-------- PROVIDED DATA --------
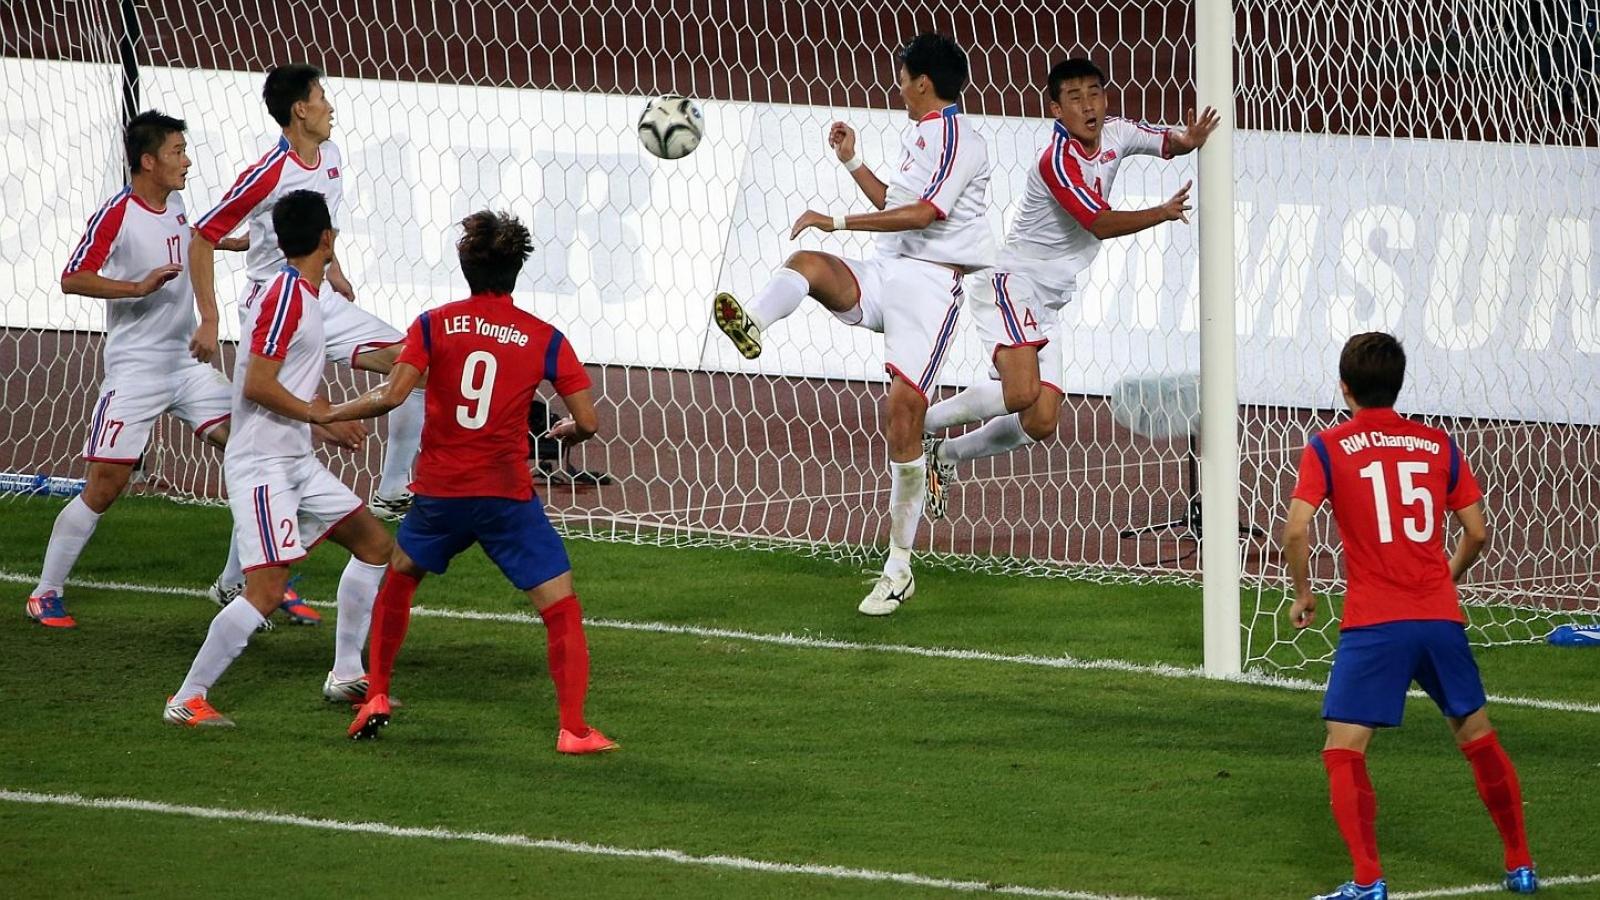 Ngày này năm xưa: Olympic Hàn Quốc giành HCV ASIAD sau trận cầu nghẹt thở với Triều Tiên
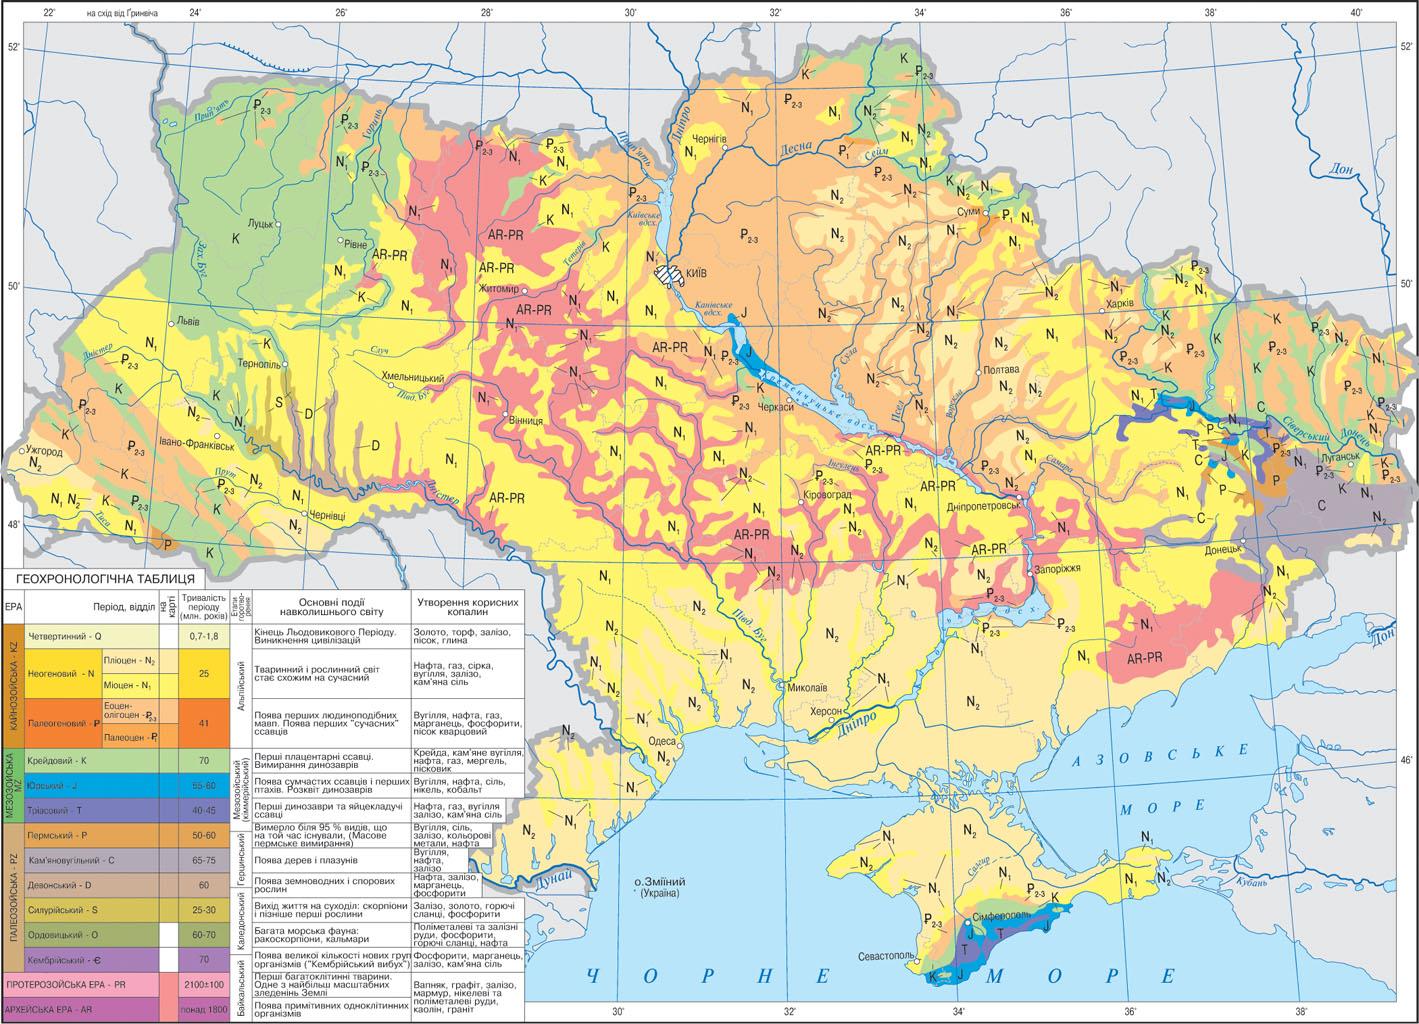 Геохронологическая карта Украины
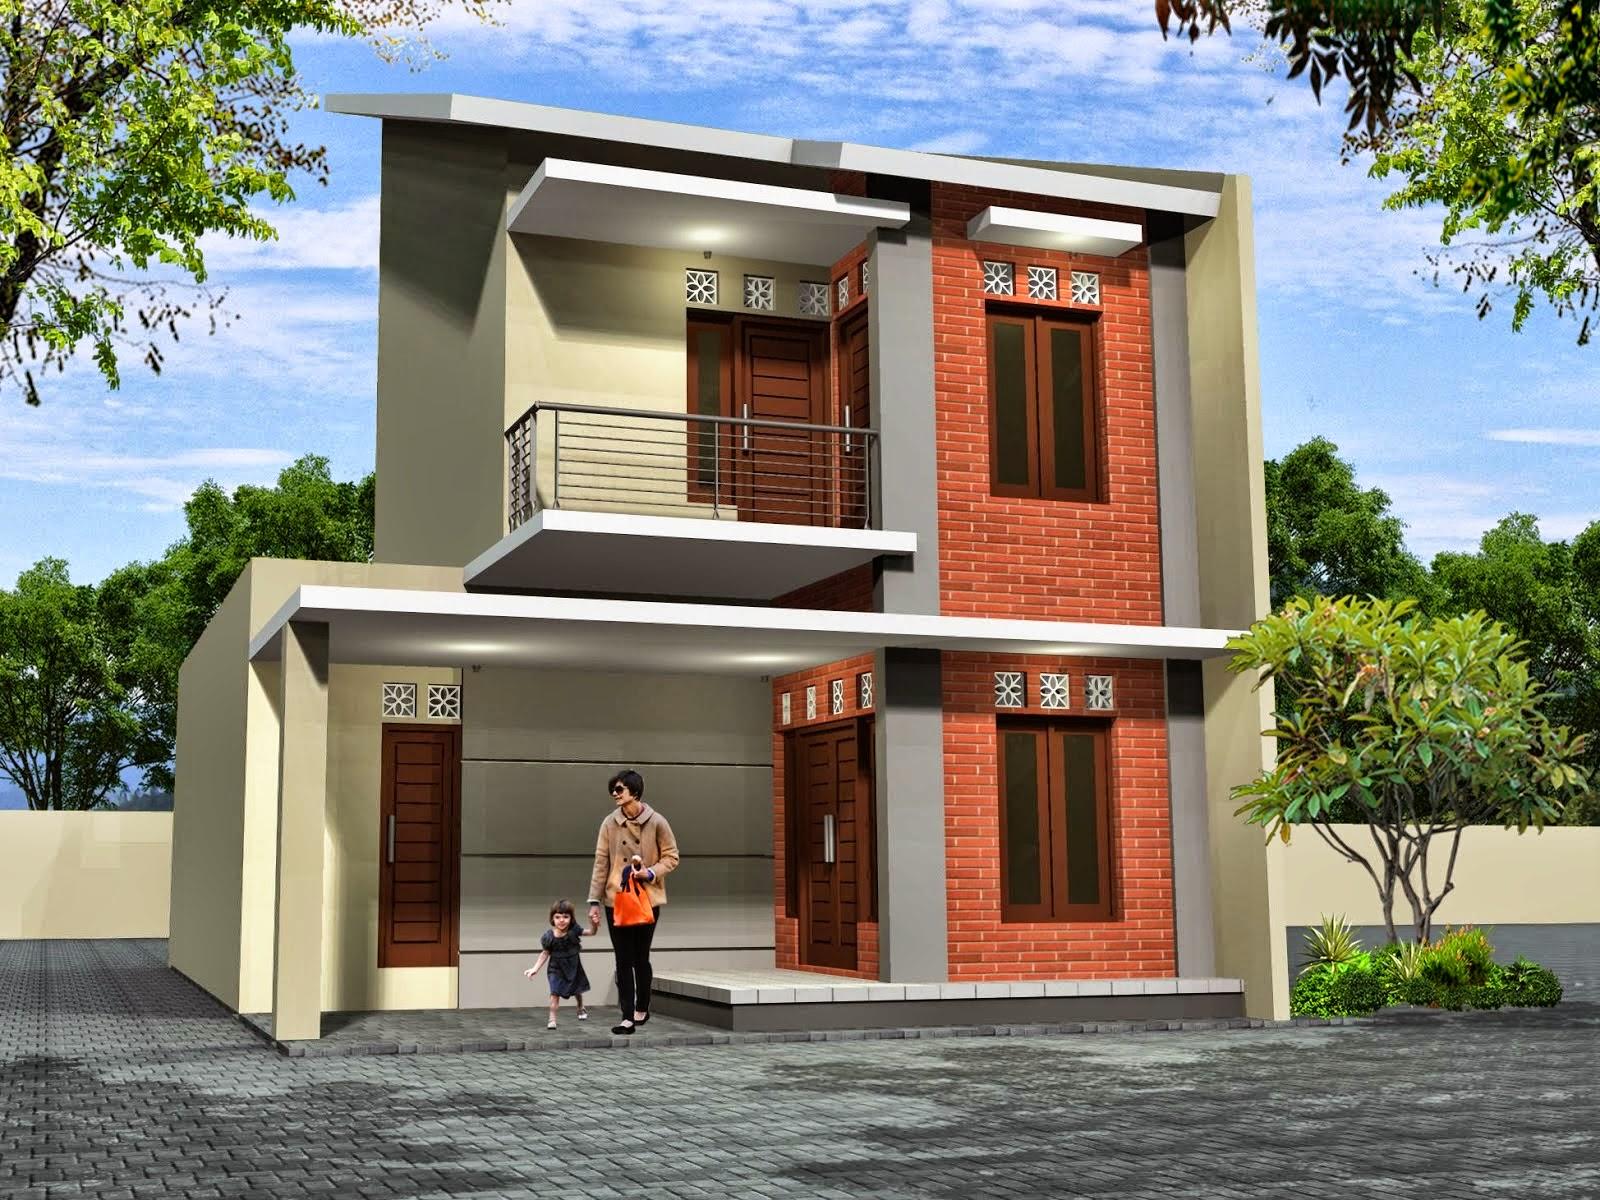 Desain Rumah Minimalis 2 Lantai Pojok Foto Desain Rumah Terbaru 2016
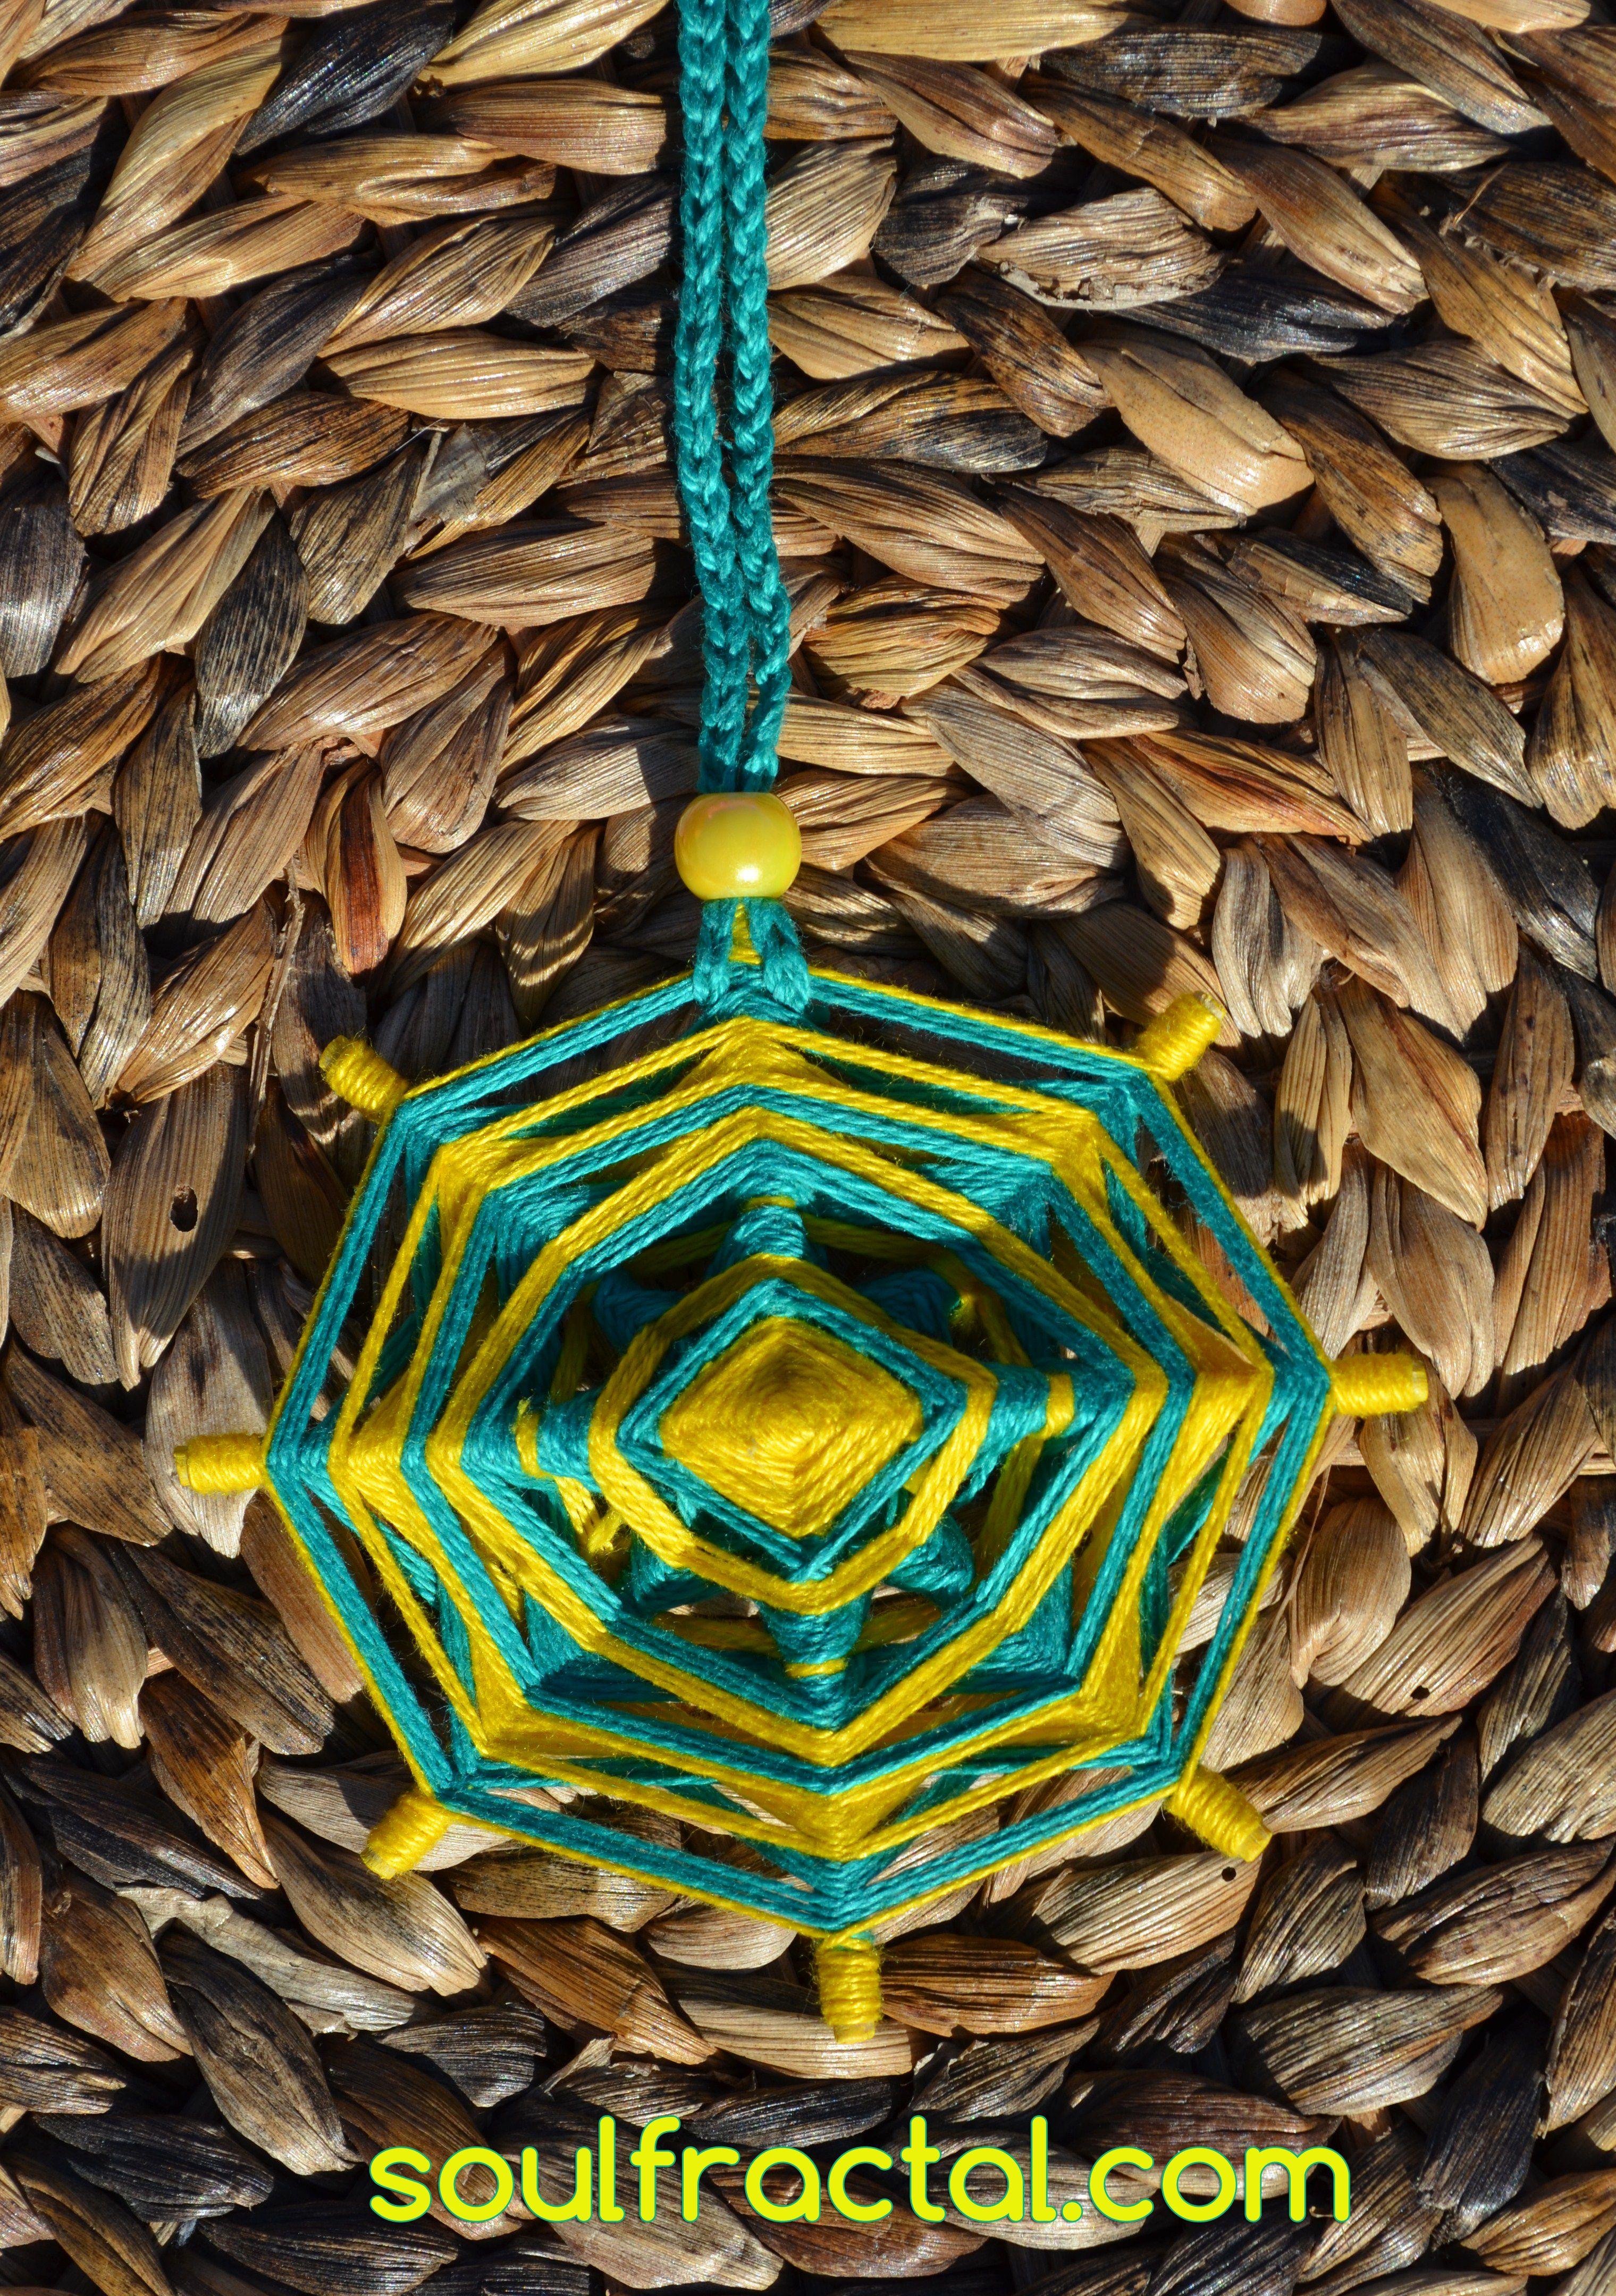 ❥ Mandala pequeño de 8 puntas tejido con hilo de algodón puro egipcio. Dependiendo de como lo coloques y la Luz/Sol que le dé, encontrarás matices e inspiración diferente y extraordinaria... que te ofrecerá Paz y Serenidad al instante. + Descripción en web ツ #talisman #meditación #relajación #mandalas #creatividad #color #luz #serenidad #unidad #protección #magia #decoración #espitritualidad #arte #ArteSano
--------
— DESCRIPTION OF THE TASK —
The line containing "Desain Rumah Minimalis" marks the end; please output exactly the lines of the listing above from its first line through that line, without pictures.

— ANSWER BELOW —
 Ngày này năm xưa: Olympic Hàn Quốc giành HCV ASIAD sau trận cầu nghẹt thở với Triều Tiên
 Геохронологическая карта Украины
 Desain Rumah Minimalis 2 Lantai Pojok Foto Desain Rumah Terbaru 2016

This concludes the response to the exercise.